Items listed in a dataset:
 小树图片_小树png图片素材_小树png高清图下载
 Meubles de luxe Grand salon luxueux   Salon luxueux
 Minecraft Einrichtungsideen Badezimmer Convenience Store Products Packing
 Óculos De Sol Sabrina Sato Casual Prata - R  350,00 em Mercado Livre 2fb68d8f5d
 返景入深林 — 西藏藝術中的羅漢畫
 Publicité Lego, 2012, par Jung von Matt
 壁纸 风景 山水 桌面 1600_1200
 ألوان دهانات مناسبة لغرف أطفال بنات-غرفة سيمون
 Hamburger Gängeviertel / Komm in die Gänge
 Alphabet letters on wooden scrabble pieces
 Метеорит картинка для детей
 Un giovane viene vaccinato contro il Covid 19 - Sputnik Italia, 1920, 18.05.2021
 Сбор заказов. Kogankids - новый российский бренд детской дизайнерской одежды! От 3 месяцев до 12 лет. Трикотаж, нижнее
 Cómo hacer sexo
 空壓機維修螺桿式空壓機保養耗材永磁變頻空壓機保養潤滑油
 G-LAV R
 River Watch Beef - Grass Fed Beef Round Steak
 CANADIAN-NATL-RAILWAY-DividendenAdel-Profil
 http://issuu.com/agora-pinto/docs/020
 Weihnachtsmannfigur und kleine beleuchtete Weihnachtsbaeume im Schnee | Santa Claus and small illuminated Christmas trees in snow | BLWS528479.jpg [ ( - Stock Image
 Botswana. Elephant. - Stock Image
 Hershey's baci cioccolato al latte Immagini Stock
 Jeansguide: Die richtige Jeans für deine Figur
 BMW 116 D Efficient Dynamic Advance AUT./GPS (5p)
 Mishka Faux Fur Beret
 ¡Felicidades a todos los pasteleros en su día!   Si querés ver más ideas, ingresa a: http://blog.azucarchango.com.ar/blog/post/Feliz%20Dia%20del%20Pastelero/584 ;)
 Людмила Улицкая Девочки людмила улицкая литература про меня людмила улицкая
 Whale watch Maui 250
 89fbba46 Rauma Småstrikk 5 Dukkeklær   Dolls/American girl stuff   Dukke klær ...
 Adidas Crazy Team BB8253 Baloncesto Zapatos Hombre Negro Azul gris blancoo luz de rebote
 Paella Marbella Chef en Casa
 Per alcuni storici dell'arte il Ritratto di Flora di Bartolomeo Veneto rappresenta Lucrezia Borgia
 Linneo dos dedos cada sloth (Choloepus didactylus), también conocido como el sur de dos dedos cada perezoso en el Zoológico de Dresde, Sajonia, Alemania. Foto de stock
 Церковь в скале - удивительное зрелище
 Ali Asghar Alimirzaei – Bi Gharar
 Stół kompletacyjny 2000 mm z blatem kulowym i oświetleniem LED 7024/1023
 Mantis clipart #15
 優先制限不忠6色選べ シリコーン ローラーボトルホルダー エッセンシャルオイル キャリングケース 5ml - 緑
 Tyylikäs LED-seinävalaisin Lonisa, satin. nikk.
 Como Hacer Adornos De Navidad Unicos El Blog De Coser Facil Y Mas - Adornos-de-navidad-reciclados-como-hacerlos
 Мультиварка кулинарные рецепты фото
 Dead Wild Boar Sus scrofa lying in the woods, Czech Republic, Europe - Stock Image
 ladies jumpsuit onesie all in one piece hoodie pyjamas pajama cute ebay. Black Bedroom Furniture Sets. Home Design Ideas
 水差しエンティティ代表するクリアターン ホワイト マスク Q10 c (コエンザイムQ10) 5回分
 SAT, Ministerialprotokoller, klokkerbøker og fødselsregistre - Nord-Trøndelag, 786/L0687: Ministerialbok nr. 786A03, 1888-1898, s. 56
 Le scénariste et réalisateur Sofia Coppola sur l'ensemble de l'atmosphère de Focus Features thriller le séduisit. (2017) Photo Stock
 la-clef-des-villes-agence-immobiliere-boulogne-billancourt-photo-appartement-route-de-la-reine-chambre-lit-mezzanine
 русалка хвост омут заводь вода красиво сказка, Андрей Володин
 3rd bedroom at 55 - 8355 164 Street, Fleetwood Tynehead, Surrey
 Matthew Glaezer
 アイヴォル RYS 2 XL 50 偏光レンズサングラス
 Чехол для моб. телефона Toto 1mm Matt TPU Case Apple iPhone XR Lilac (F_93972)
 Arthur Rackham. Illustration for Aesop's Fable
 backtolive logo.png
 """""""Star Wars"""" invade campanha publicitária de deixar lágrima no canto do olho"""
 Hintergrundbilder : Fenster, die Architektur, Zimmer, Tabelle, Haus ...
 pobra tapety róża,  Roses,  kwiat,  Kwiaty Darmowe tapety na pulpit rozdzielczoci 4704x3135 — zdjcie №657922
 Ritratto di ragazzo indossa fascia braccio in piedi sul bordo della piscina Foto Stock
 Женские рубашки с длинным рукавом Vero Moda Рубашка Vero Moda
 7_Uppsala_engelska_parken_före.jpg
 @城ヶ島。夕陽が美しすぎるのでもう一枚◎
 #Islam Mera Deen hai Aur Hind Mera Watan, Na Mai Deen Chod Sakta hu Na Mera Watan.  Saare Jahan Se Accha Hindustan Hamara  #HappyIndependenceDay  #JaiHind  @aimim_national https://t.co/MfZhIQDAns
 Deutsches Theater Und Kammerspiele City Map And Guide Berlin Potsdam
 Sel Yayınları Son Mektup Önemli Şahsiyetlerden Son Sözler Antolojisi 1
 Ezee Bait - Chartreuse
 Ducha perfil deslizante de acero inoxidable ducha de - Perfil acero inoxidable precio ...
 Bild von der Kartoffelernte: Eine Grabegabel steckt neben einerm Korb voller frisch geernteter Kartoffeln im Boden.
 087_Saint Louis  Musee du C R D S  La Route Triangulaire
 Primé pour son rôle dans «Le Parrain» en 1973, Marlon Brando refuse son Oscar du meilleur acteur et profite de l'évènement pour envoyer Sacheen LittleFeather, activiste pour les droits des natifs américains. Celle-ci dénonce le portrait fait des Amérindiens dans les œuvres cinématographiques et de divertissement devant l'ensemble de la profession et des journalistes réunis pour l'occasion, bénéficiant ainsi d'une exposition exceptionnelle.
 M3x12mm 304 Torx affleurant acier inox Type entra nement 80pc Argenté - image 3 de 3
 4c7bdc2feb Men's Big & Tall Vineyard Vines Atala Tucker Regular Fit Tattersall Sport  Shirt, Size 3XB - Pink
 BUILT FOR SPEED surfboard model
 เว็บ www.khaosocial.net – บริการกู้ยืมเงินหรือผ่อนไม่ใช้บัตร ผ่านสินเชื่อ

▸ TASK DESCRIPTION
Using the data above, reproduce exactly the lines from the line that contains "Метеорит картинка для детей" through the line that contains "Мультиварка кулинарные рецепты фото", including both.

▸ SOLUTION
 Метеорит картинка для детей
 Un giovane viene vaccinato contro il Covid 19 - Sputnik Italia, 1920, 18.05.2021
 Сбор заказов. Kogankids - новый российский бренд детской дизайнерской одежды! От 3 месяцев до 12 лет. Трикотаж, нижнее
 Cómo hacer sexo
 空壓機維修螺桿式空壓機保養耗材永磁變頻空壓機保養潤滑油
 G-LAV R
 River Watch Beef - Grass Fed Beef Round Steak
 CANADIAN-NATL-RAILWAY-DividendenAdel-Profil
 http://issuu.com/agora-pinto/docs/020
 Weihnachtsmannfigur und kleine beleuchtete Weihnachtsbaeume im Schnee | Santa Claus and small illuminated Christmas trees in snow | BLWS528479.jpg [ ( - Stock Image
 Botswana. Elephant. - Stock Image
 Hershey's baci cioccolato al latte Immagini Stock
 Jeansguide: Die richtige Jeans für deine Figur
 BMW 116 D Efficient Dynamic Advance AUT./GPS (5p)
 Mishka Faux Fur Beret
 ¡Felicidades a todos los pasteleros en su día!   Si querés ver más ideas, ingresa a: http://blog.azucarchango.com.ar/blog/post/Feliz%20Dia%20del%20Pastelero/584 ;)
 Людмила Улицкая Девочки людмила улицкая литература про меня людмила улицкая
 Whale watch Maui 250
 89fbba46 Rauma Småstrikk 5 Dukkeklær   Dolls/American girl stuff   Dukke klær ...
 Adidas Crazy Team BB8253 Baloncesto Zapatos Hombre Negro Azul gris blancoo luz de rebote
 Paella Marbella Chef en Casa
 Per alcuni storici dell'arte il Ritratto di Flora di Bartolomeo Veneto rappresenta Lucrezia Borgia
 Linneo dos dedos cada sloth (Choloepus didactylus), también conocido como el sur de dos dedos cada perezoso en el Zoológico de Dresde, Sajonia, Alemania. Foto de stock
 Церковь в скале - удивительное зрелище
 Ali Asghar Alimirzaei – Bi Gharar
 Stół kompletacyjny 2000 mm z blatem kulowym i oświetleniem LED 7024/1023
 Mantis clipart #15
 優先制限不忠6色選べ シリコーン ローラーボトルホルダー エッセンシャルオイル キャリングケース 5ml - 緑
 Tyylikäs LED-seinävalaisin Lonisa, satin. nikk.
 Como Hacer Adornos De Navidad Unicos El Blog De Coser Facil Y Mas - Adornos-de-navidad-reciclados-como-hacerlos
 Мультиварка кулинарные рецепты фото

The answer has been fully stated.